## EXERCISE INSTRUCTIONS
Using the data below, return the stretch from the line that contains "Kubrik White High" through the line that contains "Sbsa092 ナルト Naruto", both included, exactly as it stands and nothing beyond it.

## INPUT DATA
#####

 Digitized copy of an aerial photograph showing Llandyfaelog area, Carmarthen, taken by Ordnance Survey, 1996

#####

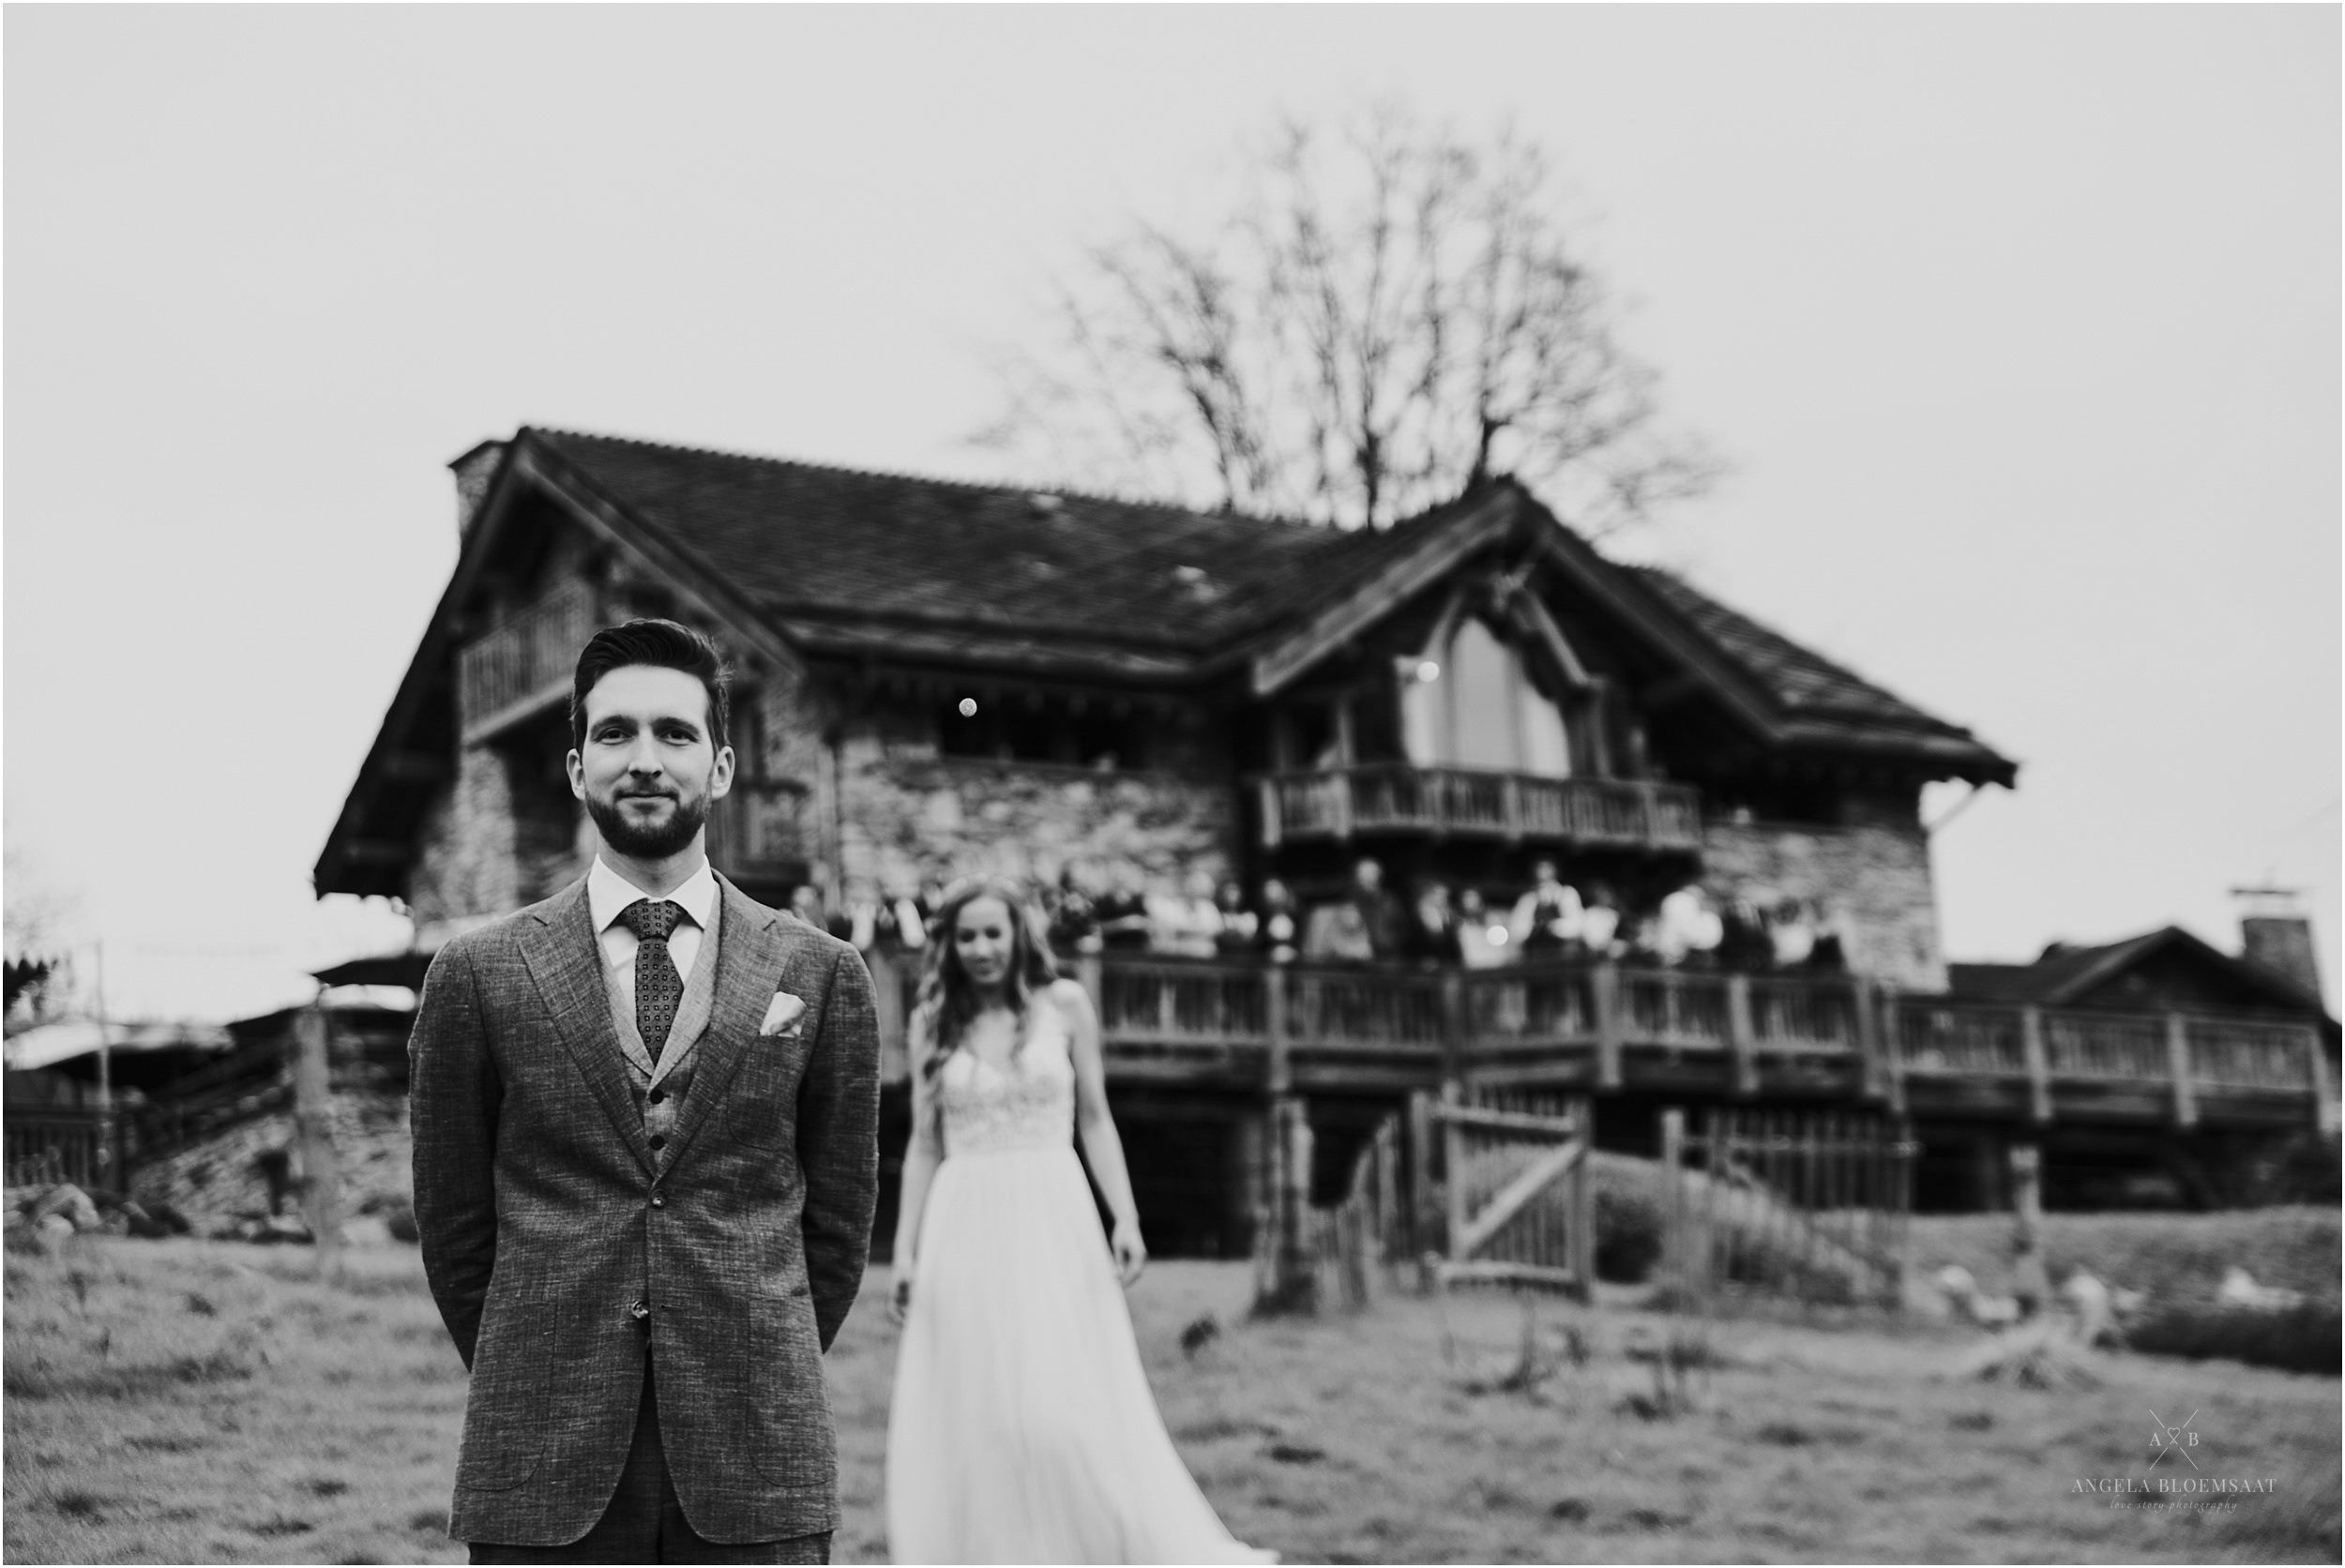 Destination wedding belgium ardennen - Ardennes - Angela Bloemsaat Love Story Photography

#####

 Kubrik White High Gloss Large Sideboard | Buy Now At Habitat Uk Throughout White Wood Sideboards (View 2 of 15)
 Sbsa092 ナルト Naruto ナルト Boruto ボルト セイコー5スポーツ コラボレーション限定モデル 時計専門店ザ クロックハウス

#####

## OUTPUT OF THE TASK
 Kubrik White High Gloss Large Sideboard | Buy Now At Habitat Uk Throughout White Wood Sideboards (View 2 of 15)
 Sbsa092 ナルト Naruto ナルト Boruto ボルト セイコー5スポーツ コラボレーション限定モデル 時計専門店ザ クロックハウス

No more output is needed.